With respect to the recordkeeping requirement, organizations that knowingly fail to report to the OPC or notify affected individuals of a breach that poses a real risk of significant harm, or knowingly fail to maintain a record of all breaches could face fines of up to $100,000.
However, until these provisions come into force, breach reporting will remain voluntary. The OPC urges organizations to report breaches by visiting the OPC’s privacy breaches reporting webpage and notifying affected individuals where appropriate in accordance with the OPC’s breach notification guidelines.
Powers of the OPC and State Farm v Canada (2010)

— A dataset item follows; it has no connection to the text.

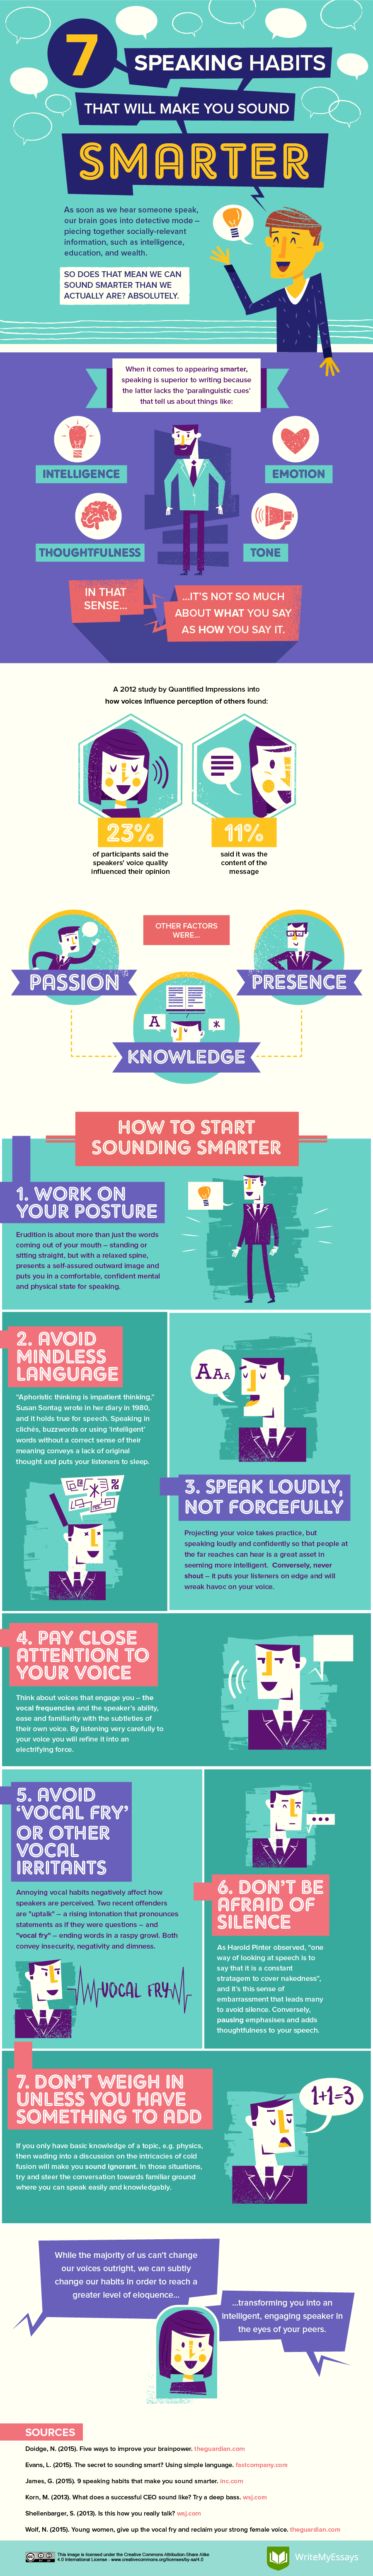 7 Speaking Habits That Will Make You Sound Smarter Infographic

A complainant or the OPC may apply to the Federal Court for a hearing regarding a matter complained about or referred to in the report the Commissioner issues after her investigation. In 2010, the Federal Court issued a decision which clarified the limits on the OPC’s authority to intervene in private investigations.
In 2005, a State Farm-insured driver from New Brunswick, Ms Vetter, was involved in a collision with Mr Gaudet. Gaudet advised Vetter and State Farm that he would be commencing legal action against them. In anticipation of that action, State Farm placed Gaudet under covert surveillance. Before initiating his personal injury claim, Gaudet made an access request to State Farm, pursuant to PIPEDA, for all his personal information they had collected, including any covert surveillance and accompanying reports. State Farm denied Gaudet’s request on the grounds that PIPEDA did not apply. Gaudet then lodged a complaint with the OPC, alleging that State Farm was in breach of PIPEDA by refusing him access to his personal information that they had collected without his consent. State Farm then commenced an application in the Federal Court seeking a declaration that OPC did not have the statutory or constitutional authority to investigate, make recommendations or otherwise act upon the complaint of plaintiffs such as Gaudet.
The Federal Court rightly noted that the pivotal issues in this case concerned the interpretation of the phrase “commercial activity” in PIPEDA and the “constitutional authority of Parliament to make PIPEDA applicable beyond the operations of federal works, undertakings or businesses”. State Farm argued that PIPEDA only regulates commercial activity in the private sector and the legal action between State Farm and Gaudet is outside PIPEDA jurisdiction.
The Federal Court ruled that the OPC has “no special expertise in the interpretation” of PIPEDA, which entrusts the Federal Court with that authority.
The Court ruled that the collection of evidence in a tort action such as this does not constitute “commercial activity” for the purposes of PIPEDA, nor could that have been the intention of Parliament because the PIPEDA exists to balance competing interests of privacy and access to necessary information. Accordingly, the Federal Court ruled that investigation and covert surveillance reports are not subject to PIPEDA, and are outside of the jurisdiction of OPC interference.